According to Legge’s reasons, Chrysanthou’s fee alone was almost $430,000 for the duration of the proceeding.

Chrysanthou appeared for Deeming on Friday and said they would also be applying for Pesutto to pay the fees of the legal expenses associated with the costs hearings.

She flagged that she may seek cost orders against third parties who supported Pesutto to recover the fees.

Pesutto’s lawyer, Daryl Williams KC, requested a short stay on the payment to allow Pesutto time to consider whether he wished to seek a review of the decision.

There are fears within the Liberal party if Pesutto is bankrupted that it would lose Hawthorn at a byelection, given he won the seat by only 1,544 votes in 2022.

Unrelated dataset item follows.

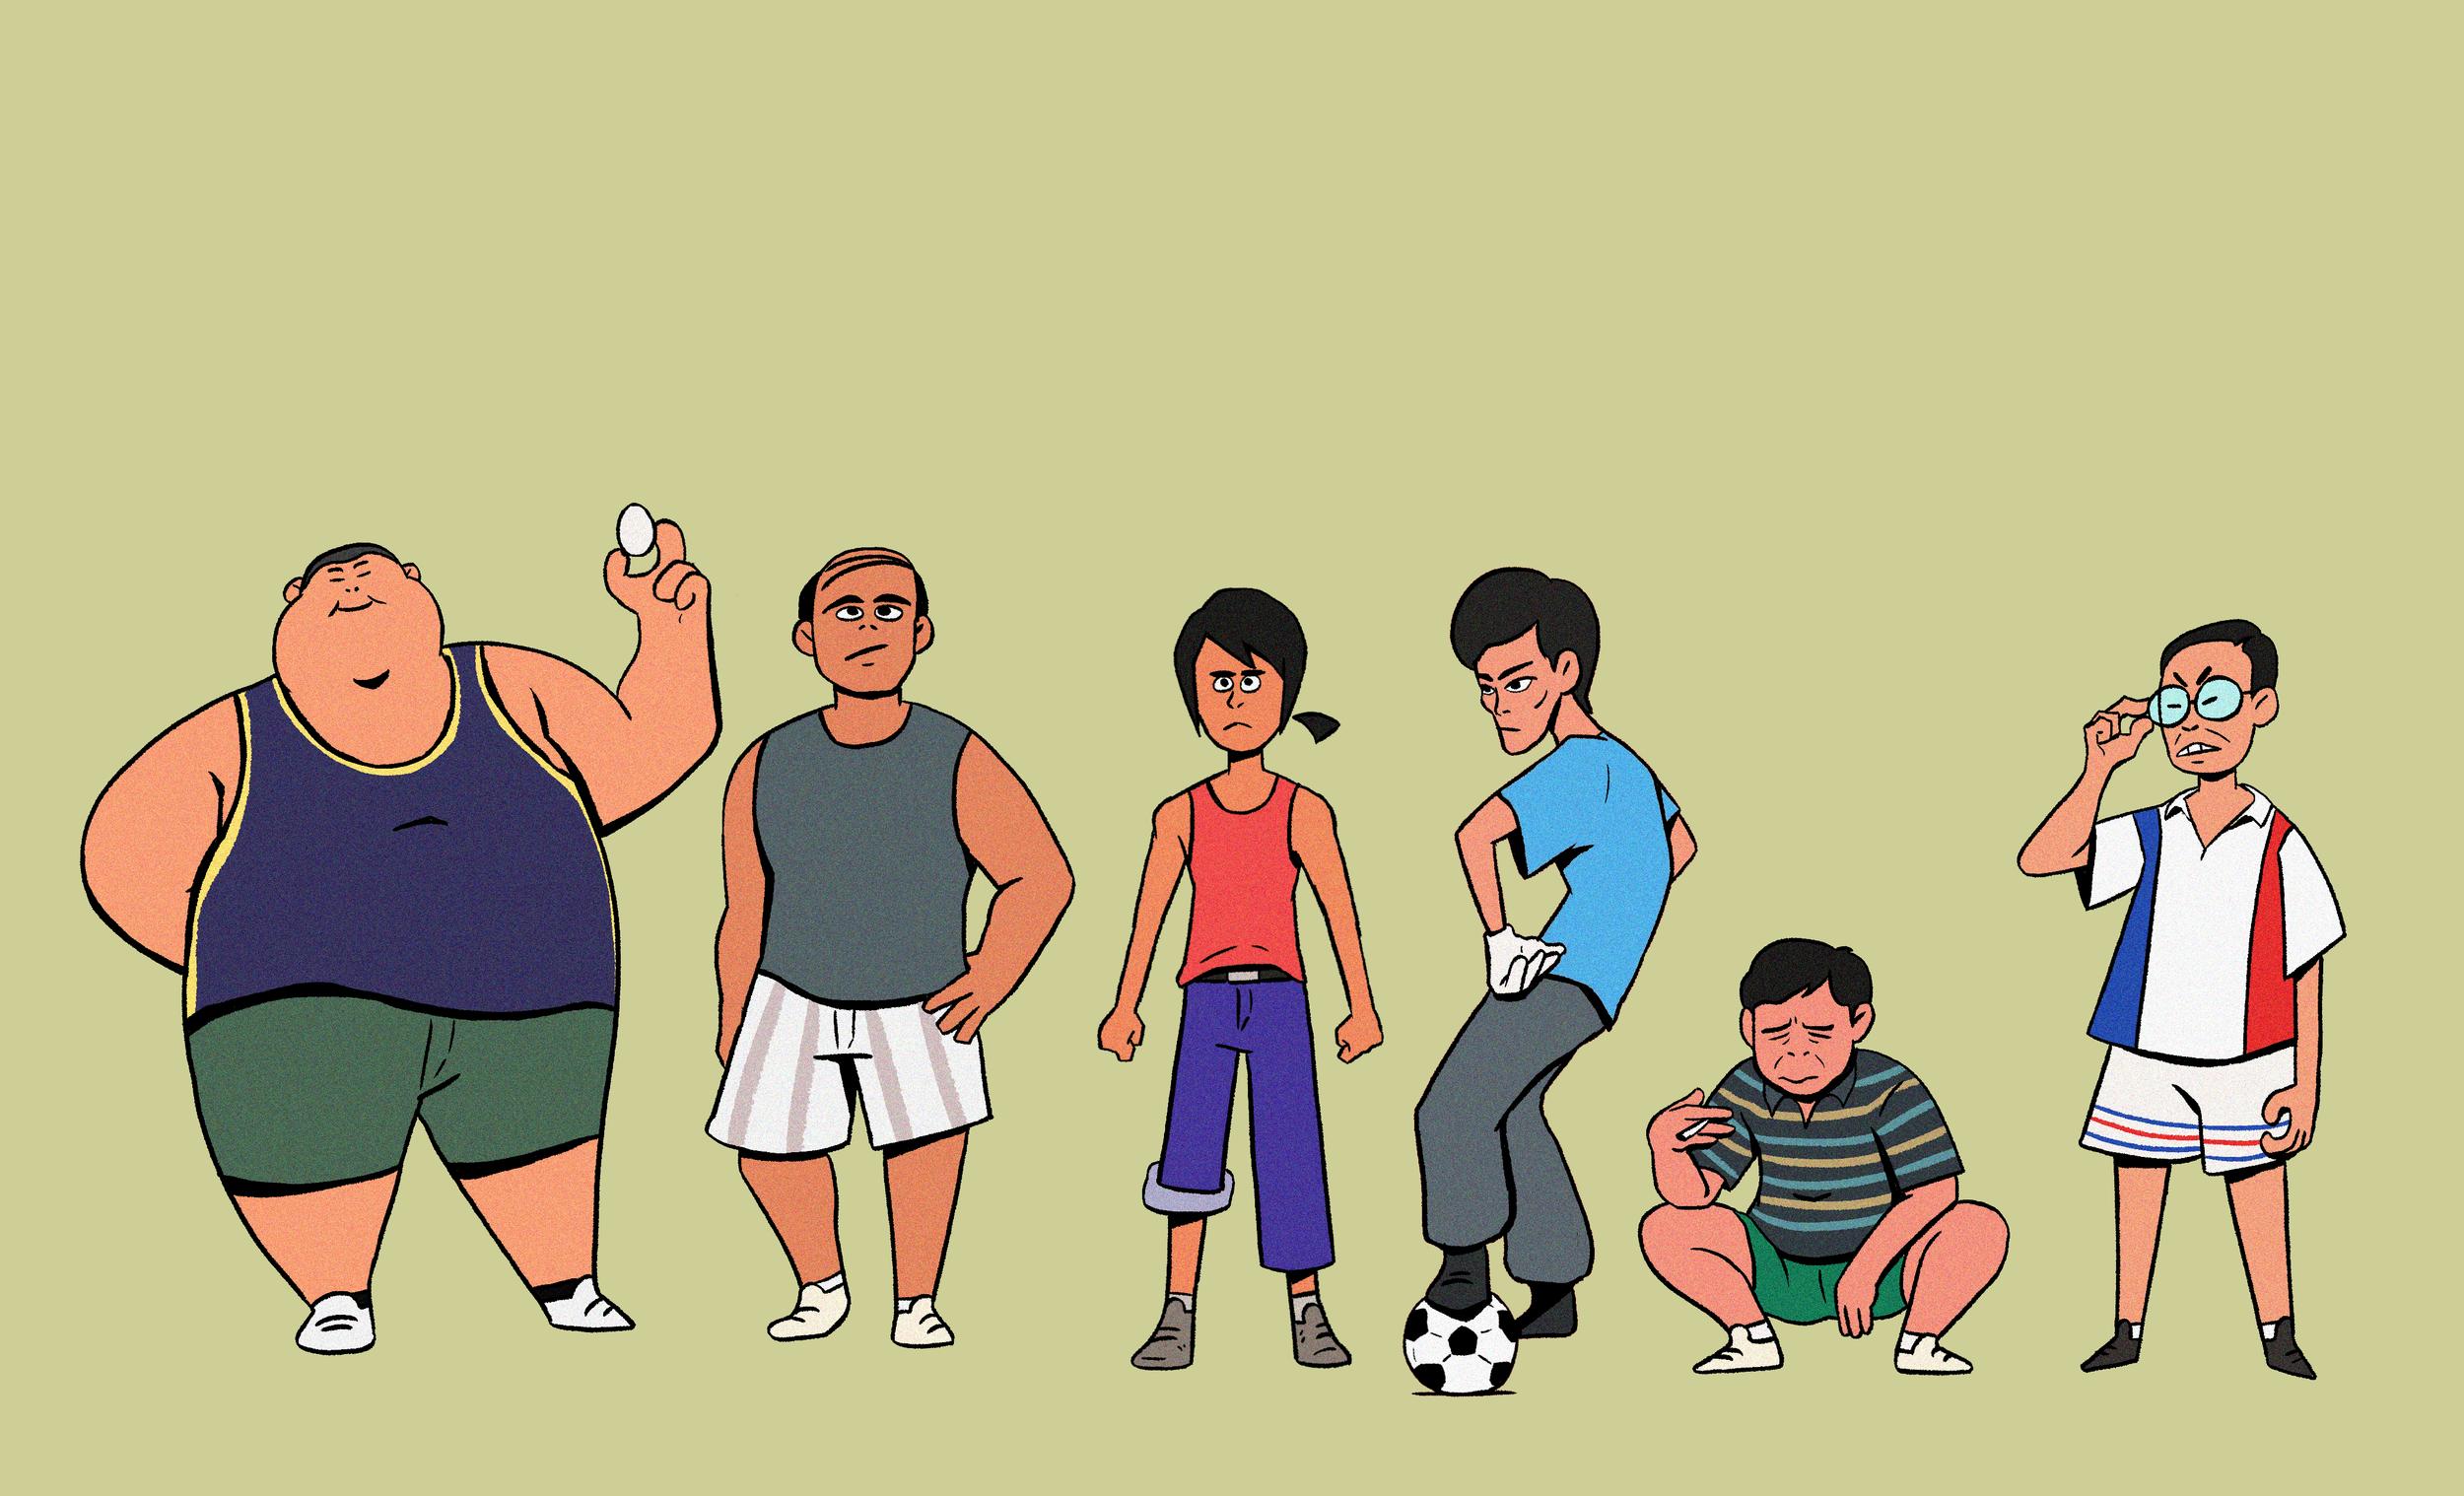 shaoline soccer.png

He had previously lost the seat to Labor in 2018 and changing demographics in the area have added to the uncertainty since, with Kooyong electing the teal independent Monique Ryan twice.

The Victorian Liberal leader, Brad Battin, would not be drawn on the prospect of a Hawthorn byelection, describing it as “hypothetical”.

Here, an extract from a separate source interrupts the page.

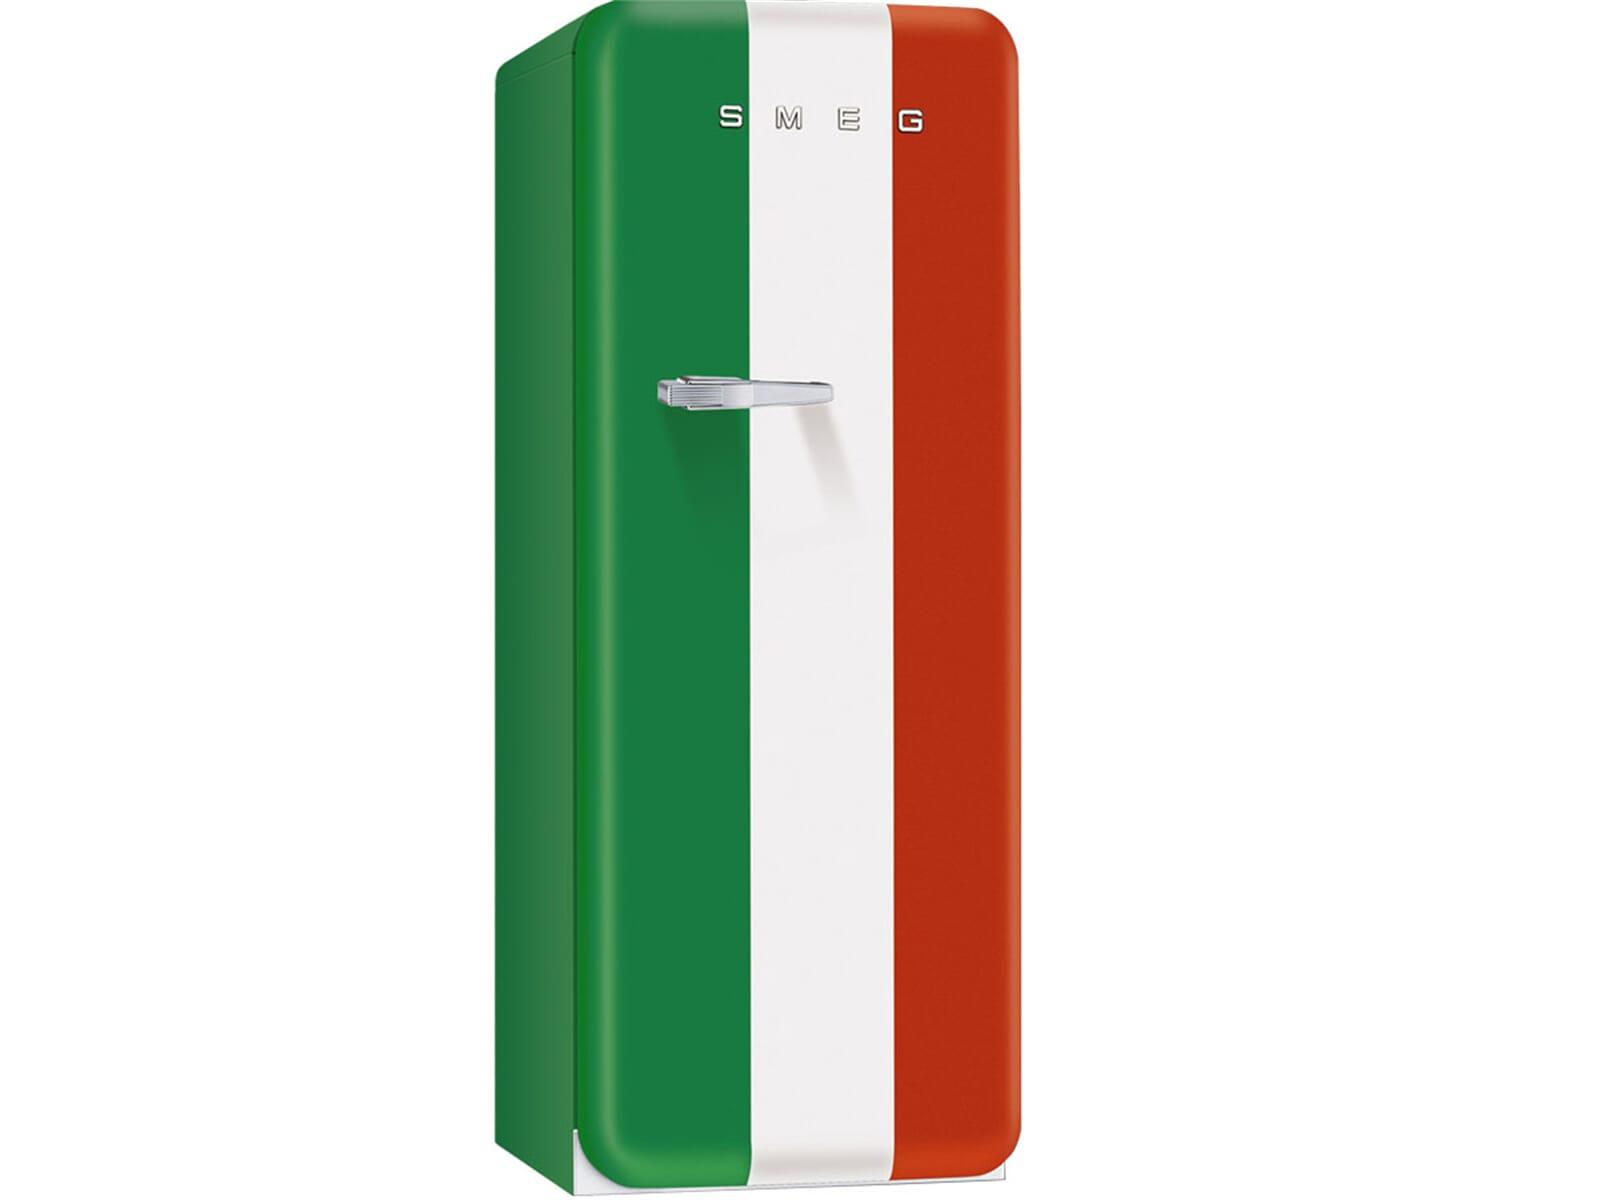 Smeg fab28rit1 standkuhlschrank italia for Standkühlschrank

“It’s a bit early to pre-empt,” Battin told reporters. “All the conversations I’ll have with my team around this will remain confidential.”

He added that he would “like to see John at the next election”.

But Liberal MPs have already begun planning for the possibility, with several telling Guardian Australia that Amelia Hamer, who ran unsuccessfully for the seat of Kooyong in the recent federal election, could be asked to stand.

Pesutto lost the Liberal leadership after a challenge by Battin after the defamation judgment in December. Deeming, who had been expelled from the Liberal party room in 2023 amid the stoush with Pesutto, was also returned to the fold.